We begin by recalling the two standard notations: the fractional part of a real number $$x$$ is written as $$\{x\}$$, while the greatest integer less than or equal to $$x$$ is written as $$[x]$$. The problem tells us that the three quantities

$$\int_0^{\,n}\{x\}\,dx,\qquad \int_0^{\,n}[x]\,dx,\qquad 10\,(n^2-n)$$

are consecutive terms of a Geometric Progression (G.P.), where $$n$$ is a natural number greater than 1. In a G.P., if the first term is $$A$$, the second is $$B$$, and the third is $$C$$, then by definition we have the common ratio $$r=\dfrac{B}{A}=\dfrac{C}{B}$$, and this gives the key identity

$$B^2 = A\,C.$$

Our task is therefore to compute the two integrals, label them $$A$$ and $$B$$, set up the equation $$B^2 = A\,C$$, and solve for $$n$$.

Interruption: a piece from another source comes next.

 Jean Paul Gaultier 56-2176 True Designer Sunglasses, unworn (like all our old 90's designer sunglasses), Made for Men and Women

Step 1: Evaluate $$\displaystyle\int_0^{\,n}\{x\}\,dx$$.

For any integer $$k$$ with $$0\le k\le n-1$$, on the interval $$[k,k+1)$$ we have $$\{x\}=x-k$$. Hence, for that single unit interval,

$$\int_k^{k+1}\{x\}\,dx \;=\;\int_k^{k+1}(x-k)\,dx.$$

Performing the integration,

$$\int_k^{k+1}(x-k)\,dx \;=\;\left[\frac{(x-k)^2}{2}\right]_{x=k}^{x=k+1} =\frac{(1)^2}{2}-\frac{0^2}{2}=\frac12.$$

Because there are exactly $$n$$ such intervals from $$k=0$$ up to $$k=n-1$$, each contributing $$\dfrac12$$, the total integral is

$$\int_0^{\,n}\{x\}\,dx =\sum_{k=0}^{n-1}\frac12 =\frac{n}{2}.$$

Thus we set

$$A=\frac{n}{2}.$$

Step 2: Evaluate $$\displaystyle\int_0^{\,n}[x]\,dx$$.

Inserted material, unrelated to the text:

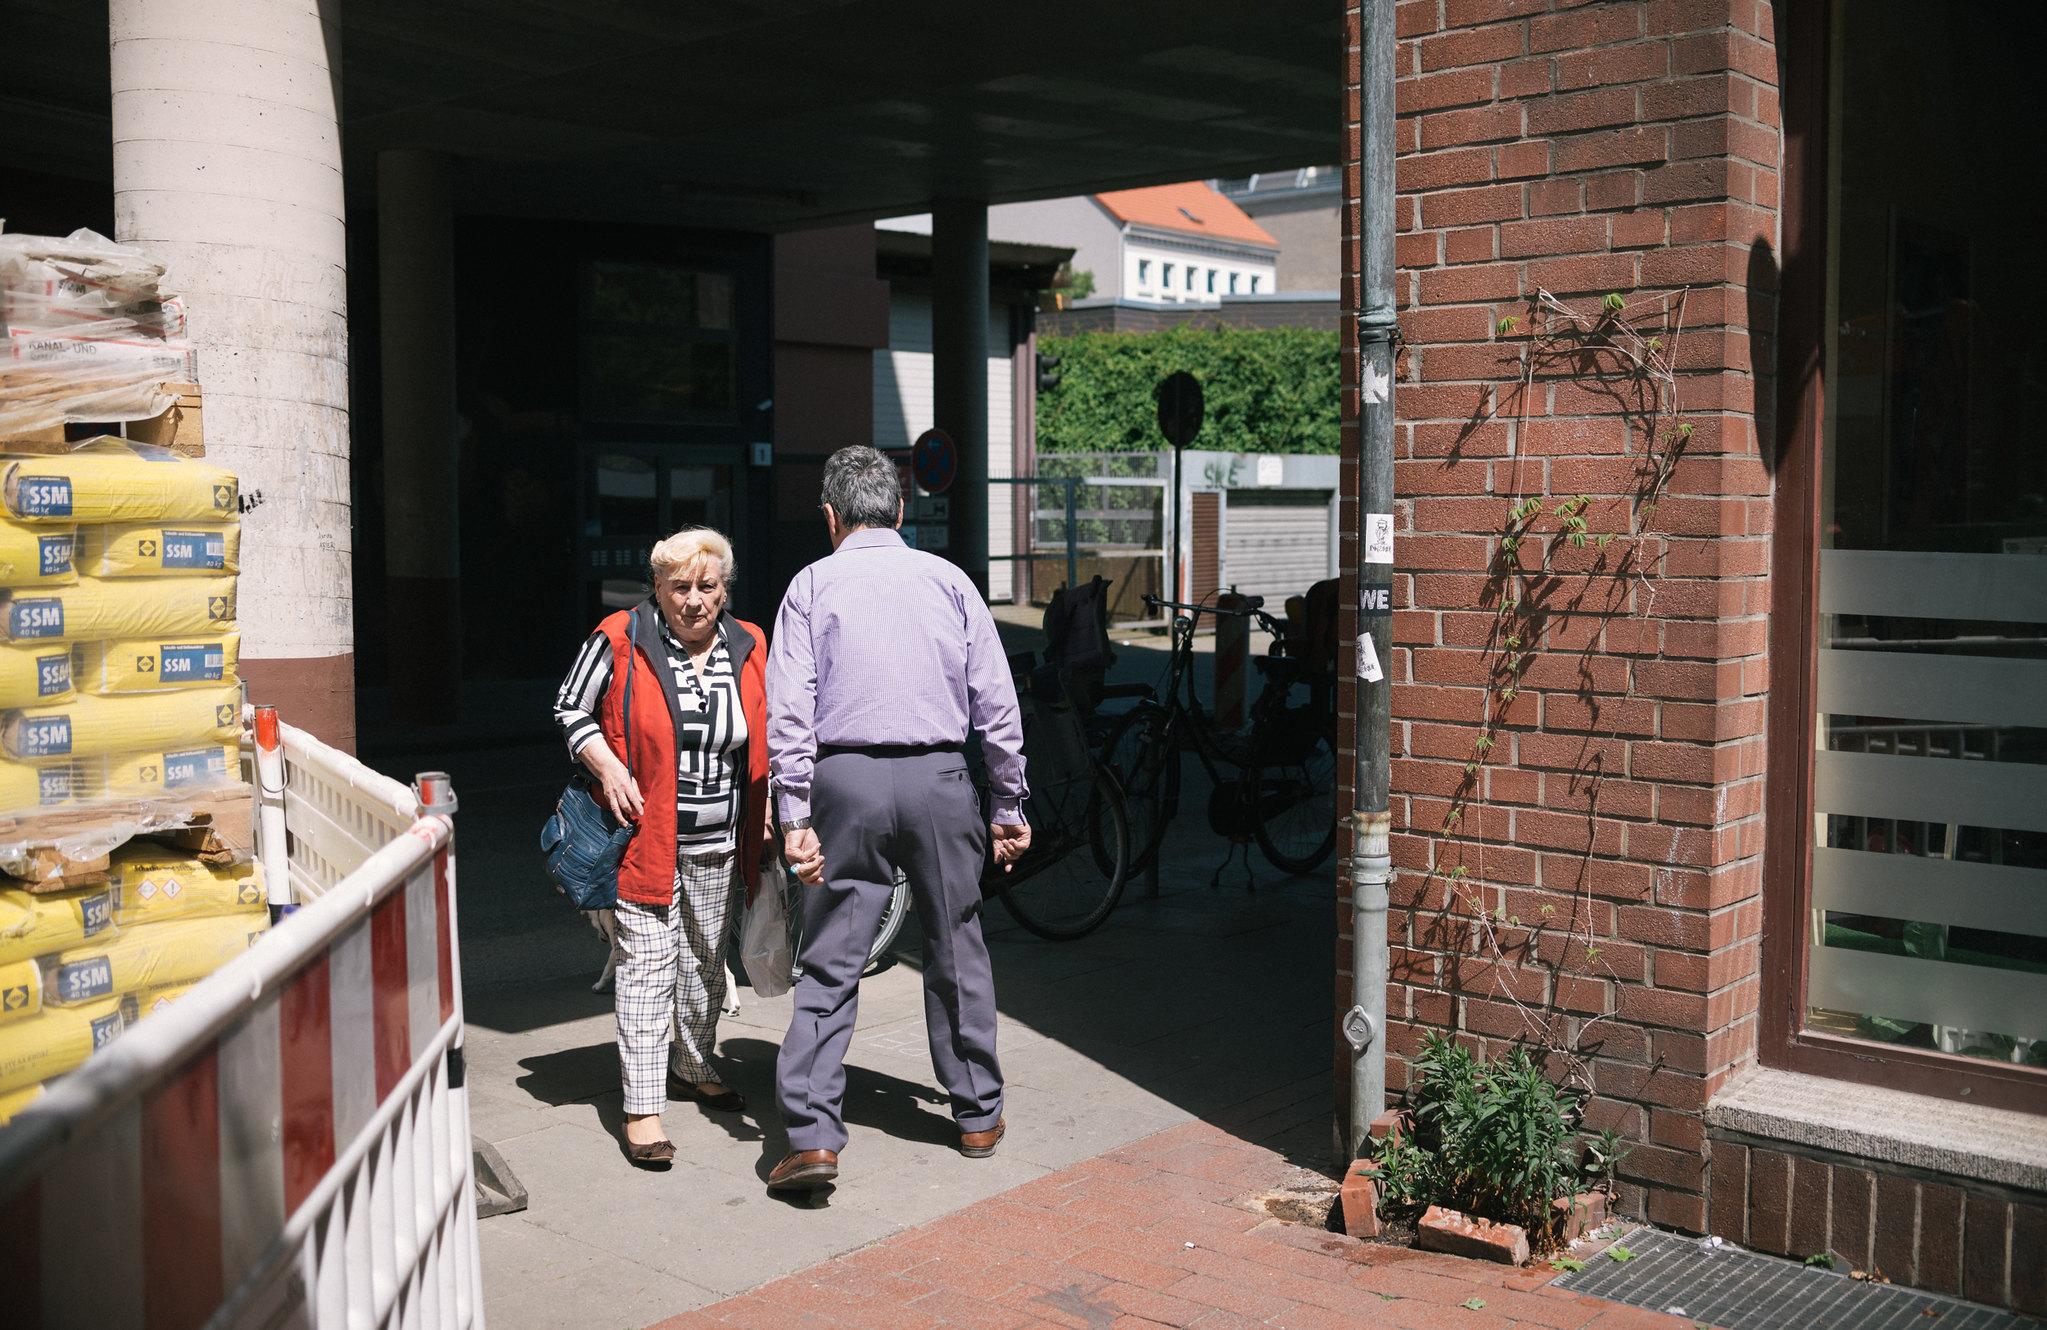 Pedestrian Conflict

On the same interval $$[k,k+1)$$, the function $$[x]$$ is the constant value $$k$$. Therefore

$$\int_k^{k+1}[x]\,dx \;=\;\int_k^{k+1}k\,dx =k\,(x)\Big|_{k}^{k+1}=k(1)=k.$$

Summing over all $$k$$ from $$0$$ to $$n-1$$ gives

$$\int_0^{\,n}[x]\,dx =\sum_{k=0}^{n-1}k =\frac{n(n-1)}{2},$$

using the standard formula for the sum of the first $$n-1$$ natural numbers. Hence we set

$$B=\frac{n(n-1)}{2}.$$

Step 3: Identify the third term of the G.P.

The problem already provides the third term:

$$C=10\,(n^2-n).$$

Step 4: Impose the G.P. condition $$B^2=A\,C$$.

Substituting the expressions for $$A$$, $$B$$, and $$C$$, we write

$$\left(\frac{n(n-1)}{2}\right)^2 \;=\;\left(\frac{n}{2}\right)\,\bigl(10\,(n^2-n)\bigr).$$

Step 5: Simplify the equation.

First expand the left‐hand side:

$$\left(\frac{n(n-1)}{2}\right)^2 =\frac{n^2\,(n-1)^2}{4}.$$

Next simplify the right‐hand side:

$$\left(\frac{n}{2}\right)\,\bigl(10\,(n^2-n)\bigr) =\frac{n}{2}\,\bigl(10n(n-1)\bigr) =5n\,(n^2-n) =5n^2\,(n-1).$$

Equating the two expressions, we have

$$\frac{n^2\,(n-1)^2}{4}=5n^2\,(n-1).$$

Step 6: Cancel the common non-zero factors.

Because $$n>1$$, both $$n$$ and $$n-1$$ are positive, so we may divide both sides by $$n^2(n-1)$$ without fear:

$$\frac{(n-1)}{4}=5.$$ Multiplying through by $$4$$ gives $$(n-1)=20.$$

Step 7: Solve for $$n$$.

$$n = 20+1 = 21.$$

Since $$n=21$$ indeed satisfies $$n\in\mathbb N$$ and $$n>1$$, it is the required value.

So, the answer is $$21$$.